REQUIREMENT — From the first line of the listing to the last, set down everything exactly, but skip the images.

SOURCE RECORDS —
=======

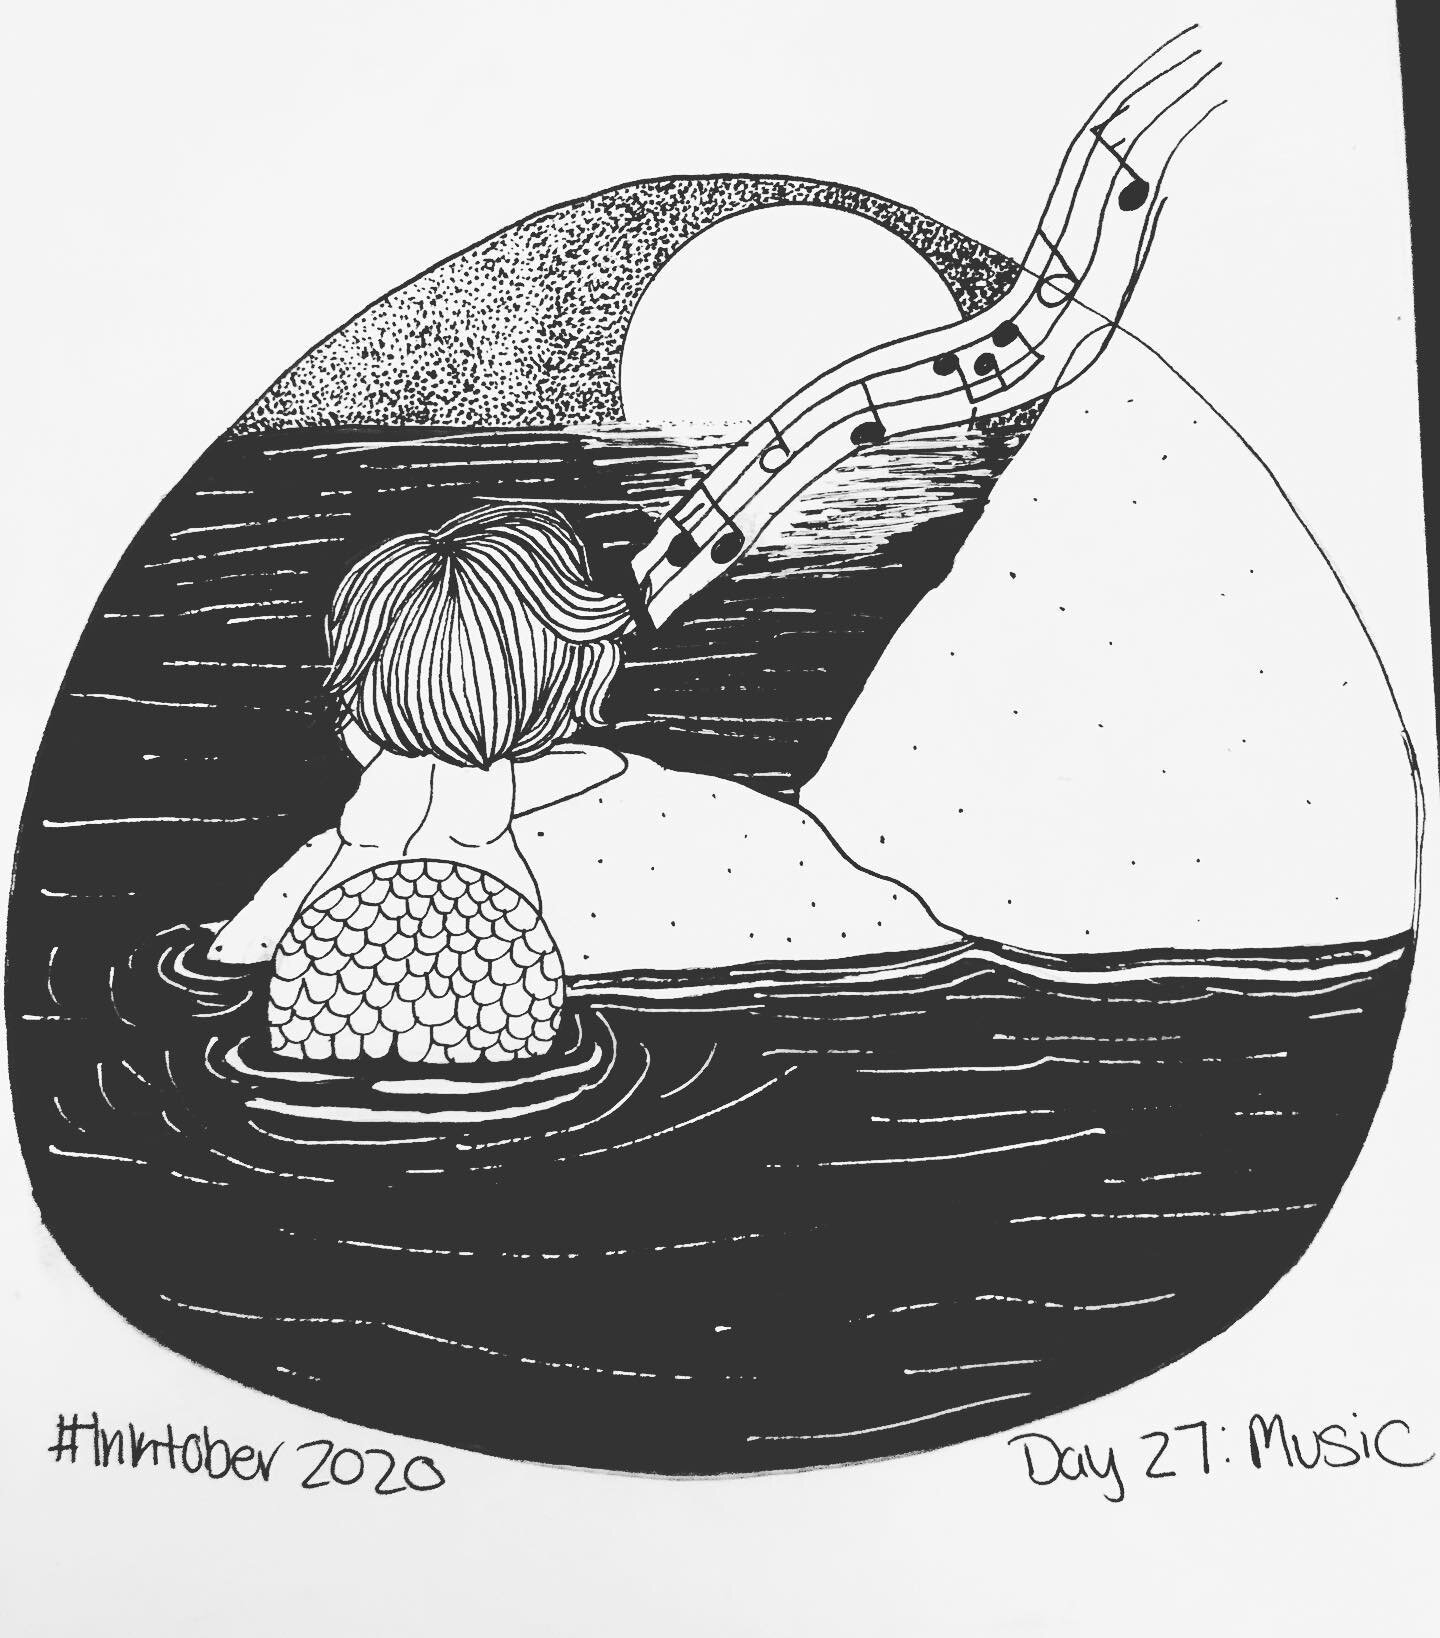 Inktober 2020, Day 27: Music 
.
.
.
.
.
.
.
.
.
.
#inktober2020 #inktober2020day27music #music #inktober2020day27 #inktober #mermaid #siren #singing #ink #pen #illustration #sketchbook #artchallenge

=======

RESULT BELOW —
 Inktober 2020, Day 27: Music 
.
.
.
.
.
.
.
.
.
.
#inktober2020 #inktober2020day27music #music #inktober2020day27 #inktober #mermaid #siren #singing #ink #pen #illustration #sketchbook #artchallenge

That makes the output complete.